Reputation: 7362
I'd like a regular expression to match a string only if it contains a character that occurs a predefined number of times.
For example: I want to match all strings that contain the character "_" 3 times;
So
"a_b_c_d" would pass
"a_b" would fail
"a_b_c_d_e" would fail
Does someone know a simple regular expression that would satisfy this?
Thank you
Upvotes: 4
Views: 10161
Reputation: 7704
Elaborating on Rado's answer, which is so far the most polyvalent but could be a pain to write if there are more occurrences to match :
^([^_]*_){3}[^_]*$
It will match entire strings (from the beginning ^
to the end $
) in which there are exactly 3 ({3}
) times the pattern consisting of 0 or more (*
) times any character not being underscore ([^_]
) and one underscore (_
), the whole being followed by 0 ore more times any character other than underscore ([^_]*
, again).
Of course one could alternatively group the other way round, as in our case the pattern is symmetric :
^[^_]*(_[^_]*){3}$
Upvotes: 1
Reputation: 2145
If you're examples are the only possibilities (like a_b_c_...), then the others are fine, but I wrote one that will handle some other possibilities. Such as:
a__b_adf
a_b_asfdasdfasfdasdfasf_asdfasfd
___
_a_b_b
Etc.
Here's my regex.
\b(_[^_]*|[^_]*_|_){3}\b
Upvotes: 0
Reputation: 56915
For your example, you could do:
\b[a-z]*(_[a-z]*){3}[a-z]*\b
(with an ignore case flag).
You can play with it here
It says "match 0 or more letters, followed by '_[a-z]*' exactly three times, followed by 0 or more letters". The \b
means "word boundary", ie "match a whole word".
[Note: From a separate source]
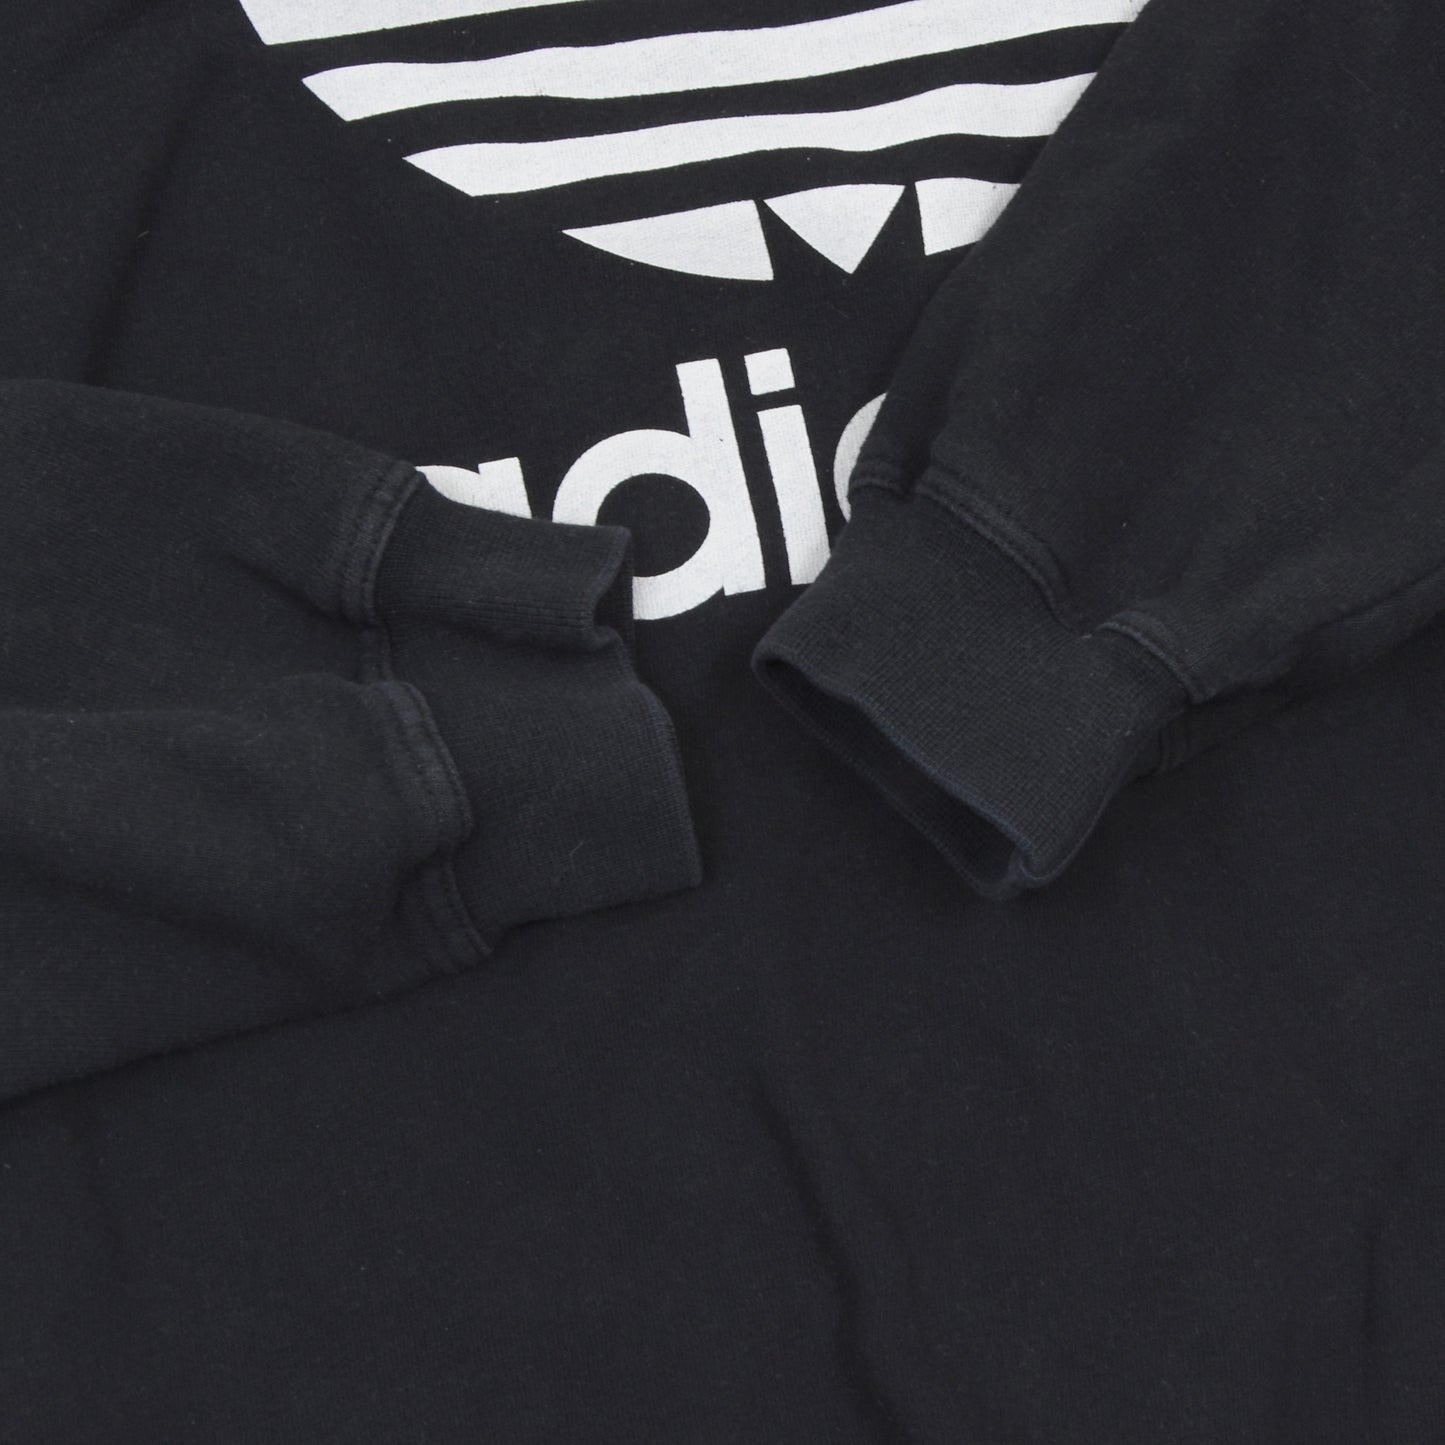 1990 Adidas Trefoil Sweatshirt Größe D7 - schwarz

Since I've used '*' this will match if there are exactly three "_" in the word regardless of whether it appears at the start or end of the word - you can modify it otherwise.
Also, I've assumed you want to match all words in a string with exactly three "_" in it.
That means the string "a_b a_b_c_d" would say that "a_b_c_d" passed (but "a_b" fails).
If you mean that globally across the entire string you only want three "_" to appear, then use:
^[^_]*(_[^_]*){3}[^_]*$
This anchors the regex at the start of the string and goes to the end, making sure there are only three occurences of "_" in it.
Upvotes: 5